Médias sociaux, startups et éditeurs de logiciels
L’acquisition de Yammer par Microsoft m’a fait rajeunir de quelques années, et me rappelle un certain billet qui m’a valu de nombreuses inimitiés (mais qui était ô combien prophétique). Il illustre bien, à plusieurs titres, que les grands éditeurs de logiciels comme Microsoft doivent venir aux médias sociaux, et que cela ne peut passer que par de la croissance externe.
Les grandes entreprises ont oublié comment innover en interne
j’avais déjà abordé ce thème il y a quelques années, j’en suis de plus en plus convaincu: plus la taille d’une entreprise croît, plus son management est centralisé, et plus les conditions propices à l »innovation s’amenuisent. Bien sûr, il y a des contre-exemples. Mais aussi bien Google que Microsoft pour ne pas citer des entreprises françaises bien connues de mes lecteurs ont les mêmes difficultés pour innover: les vraies innovations sont plus le fait de croissance externe que de projets « in house ».
Pourquoi? Il y a sans doute plusieurs raisons, qui varient d’une entreprise à l’autre.
- La première est sans doute que dans les grands groupes, la « politique » prend souvent le dessus, et que les profils les plus talentueux sont rapidement happés par la lutte pour le pouvoir. Au détriment de leur vrai talent, pourtant.
- L’innovation est une prise de risque, et qui dit risque dit échec, assez souvent: un échec qu’il faudra porter plusieurs années, et qui empêchera la progression (cf. le point 1.).
- Un grand groupe dégage ses marges par l’industrialisation de procédés. Si cette industrialisation permet de financer la R&D, tant mieux, mais ce n’est pas forcément l’intérêt des actionnaires, qui préféreront sans doute se verser des dividendes, dans une démarche court-termiste.
- Pire, de nombreux grands groupes – notamment dans des secteurs tels que l’aéronautique, l’automobile – ne sont plus que de grands assembleurs. Ils font le design, puis sous-traitent la réalisation à un, deux, trois, voire quatre niveaux de sous-traitants. Cette approche très systémique est intéressante d’un point de vue organisation du travail et rentabilité, mais au final, plus personne ne possède cette vision d’ensemble, générale, qui fait qu’on est capable d’innover justement parce qu’on a une vision de bout en bout. C’est d’ailleurs un sujet récurrent abordé par Christophe sur son blog.

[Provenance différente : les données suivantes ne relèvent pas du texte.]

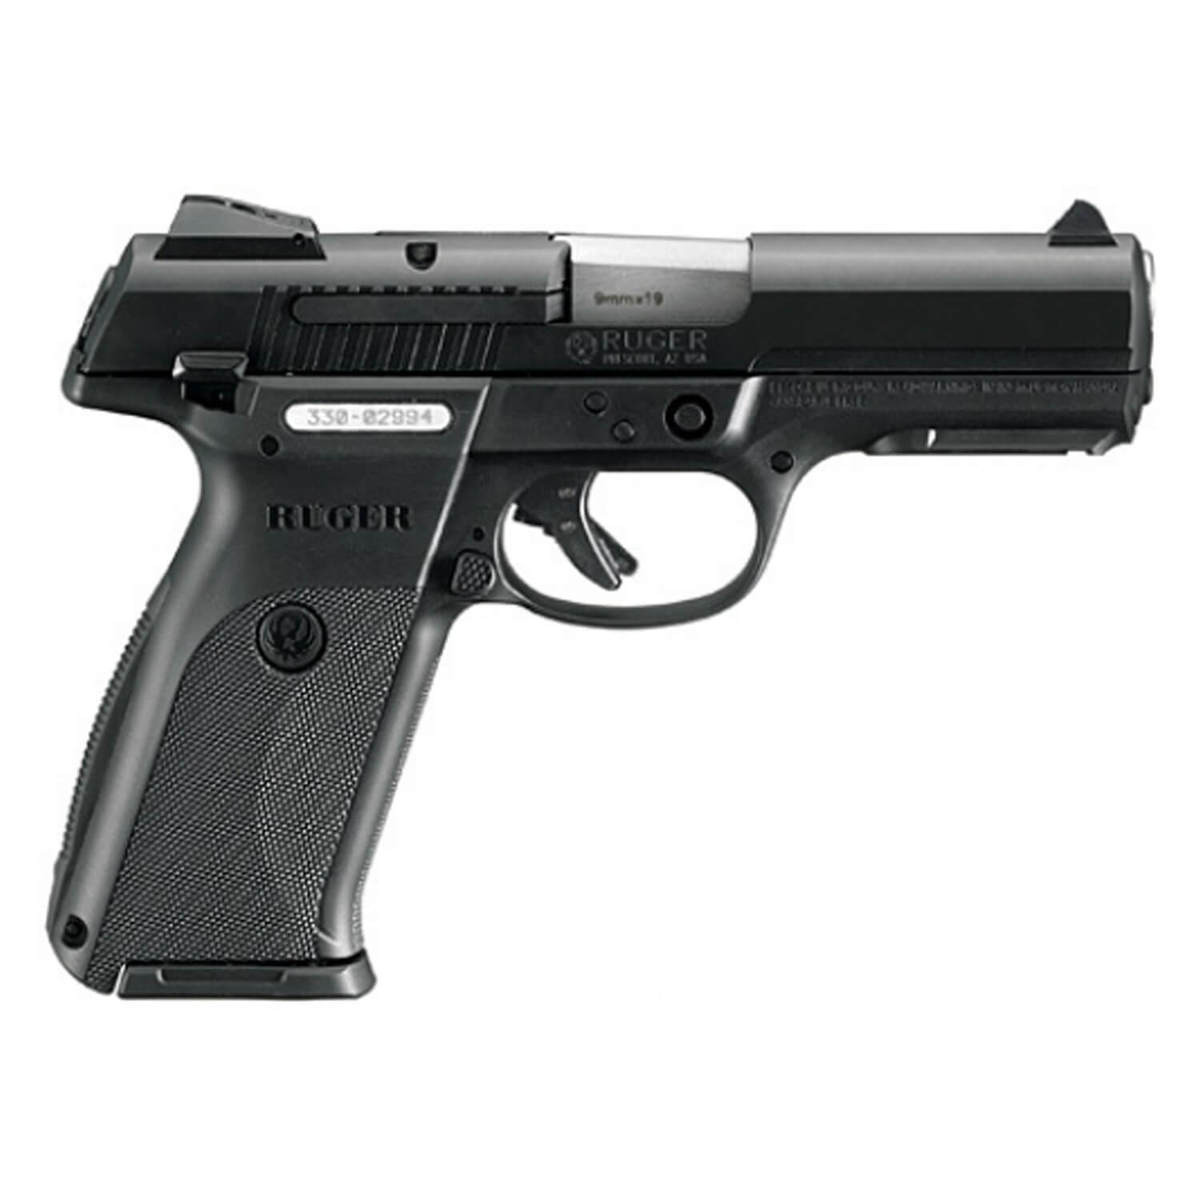 Ruger Sr9 9mm Luger 414in Black Pistol 101 Rounds Black

Les grands éditeurs de logiciels ont raté le virage des médias sociaux
Socialbakers, Vitrue, Radaian6, Facebook, LinkedIn, les habitués des médias sociaux connaissent bien les noms de ces entreprises qui ont développé à la fois une vision technologique et des produits performants, adoptés par des milliers ou des millions d’utilisateurs selon leurs domaines. Pourtant, aucun n’a été développé par les géants du logiciel. Où sont les SAP, Google, Microsoft, Oracle et autres acteurs? Rien de bien n’est sorti de chez eux durant ces 10 dernières années, sur les médias sociaux, parce que ces entreprises ont ignoré, ou mal apprécié, la part grandissante que ce sujet allait prendre.
Bien sûr, certains se sont rattrapés. Oracle a racheté Vitrue, Salesforce s’est payé Radian6, Microsoft s’offre Yammer. Google finira ans doute par se payer Twitter. Et au final, ces acquisitions leur auront coûté quelques centaines de millions de dollars, à la place de la dizaine qu’aurait surement coûté le démarrage de vrais projets sur les médias sociaux en 2006 ou 2007, chacun dans son domaine: logiciels grands publics ou pour l’entreprise, ERP, BPM ou PLM…
Les valorisations européennes et américaines ne sont pas les mêmes
ATOS rachète blueKiwi moins de 20 millions d’euros, Microsoft rachète Yammer pour 1,2 milliards de dollars. Cherchez l’erreur. blueKiwi est né en 2006, Yammer en 2008. Je me souviens avoir dit, lors d’une manifestation blueKiwi en 2007, que c’était un petit Facebook pour l’entreprise. Et ça l’était déjà, et bien mieux que Yammer. 5 années plus tard, ce dernier se valorise 100 fois l’autre. Différence de marchés, différence de maturité commerciale, ou différence de culture d’entreprise? Les sociétés américaines ont le chèque long, et les créateurs de startups françaises feraient bien de s’en souvenir…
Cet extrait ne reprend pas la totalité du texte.